Saturday, May 6, 2017

Melting Permafrost Unleashing Killer Bacteria and Viruses: Climate Change Heats Up

As the Northern climes warm, our species may soon be vulnerable to ancient—even beyond ancient— bacteria and viruses. We are familiar with pathogens to which our species has some immunity, built up from repeated prior contact. As a species, we could lose everything from illnesses in which the modern human body has no experience and thus no built-up defenses.

Researches have encountered complex ancient viruses in the melting permafrost of Siberia. Bacteria and viruses can lie dormant in permafrost until they are reactivated by warming. Scientists have discovered intact Spanish flu viruses in corpses buried in 1918 in the Alaskan tundra. In 2016 in Siberia, 100 people and 2,300 reindeer were infected with anthrax that scientist believe had been trapped in a frozen reindeer carcass that thawed during the particularly hot summer. Unfortunately, permafrost “appears to the among the systems most vulnerable to global warming,” according to researchers in the journal Nature Climate Change.[1] Global warming in turn is vulnerable to the human production of carbon dioxide, such as from our increasing use of fossil fuels since the industrial revolution. Behind the economics of use or consumption is the exponential increase in the population of our species. As biological beings, we must consume. Generally speaking, the more humans around, the higher the total consumption. Distribution of resources obviously makes a difference—some people get to consume disproportionately more than others can. Even so, the staggering number of over 7 billion people must involve a considerable amount of consumption.

The extraordinary jump in human population is occurring in a very short period of time. How could there not be huge, unforeseen reverberations? 

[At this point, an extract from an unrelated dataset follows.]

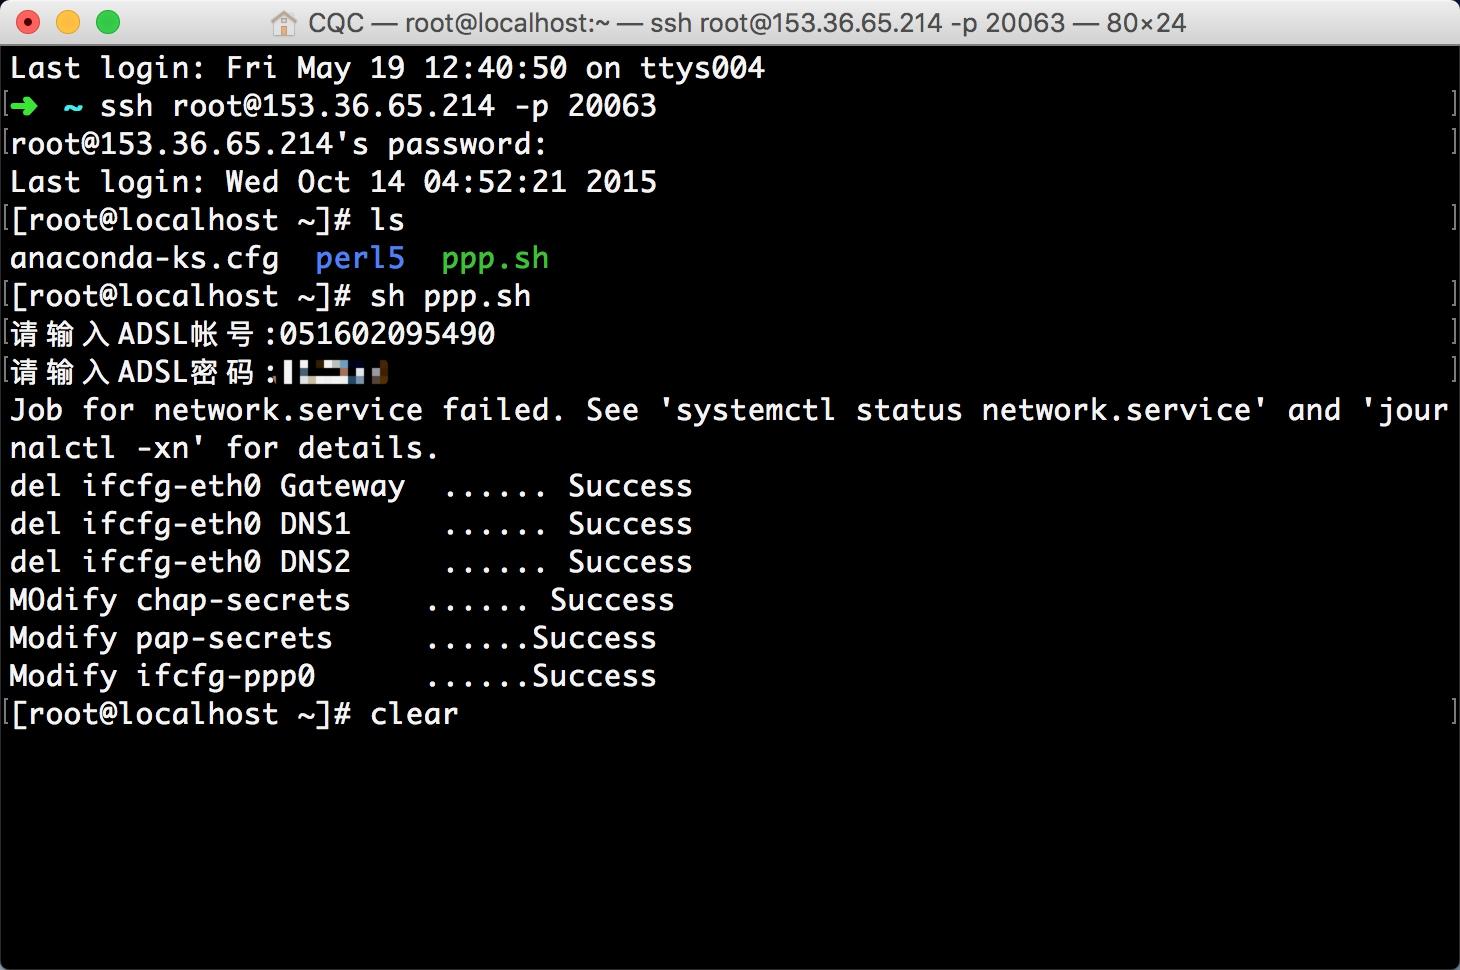 【转】使用Tornado+Redis维护ADSL拨号服务器代理池

The upshot is that Nature has its own measures to correct a species’ failure to control its numbers on a planet of finite resources. As great as the human mind is, we have trouble anticipating the secondary systems that are set in motion. Put another way, the astonishing number of 7 billion can be expected to have repercussions that get beyond our ability to anticipate, let alone manage. As permafrost that has been frozen for millennia (also a big number) melts and the methane and bacteria and viruses that have been trapped escape, we face a huge blindside. As systems effect systems effect systems, we can easily get ahead of ourselves.




[1] Mary Papenfuss, “As Ice Melts, Dangerous Diseases From The Past Could Rise Again,” The Huffington Post, May 5, 2017.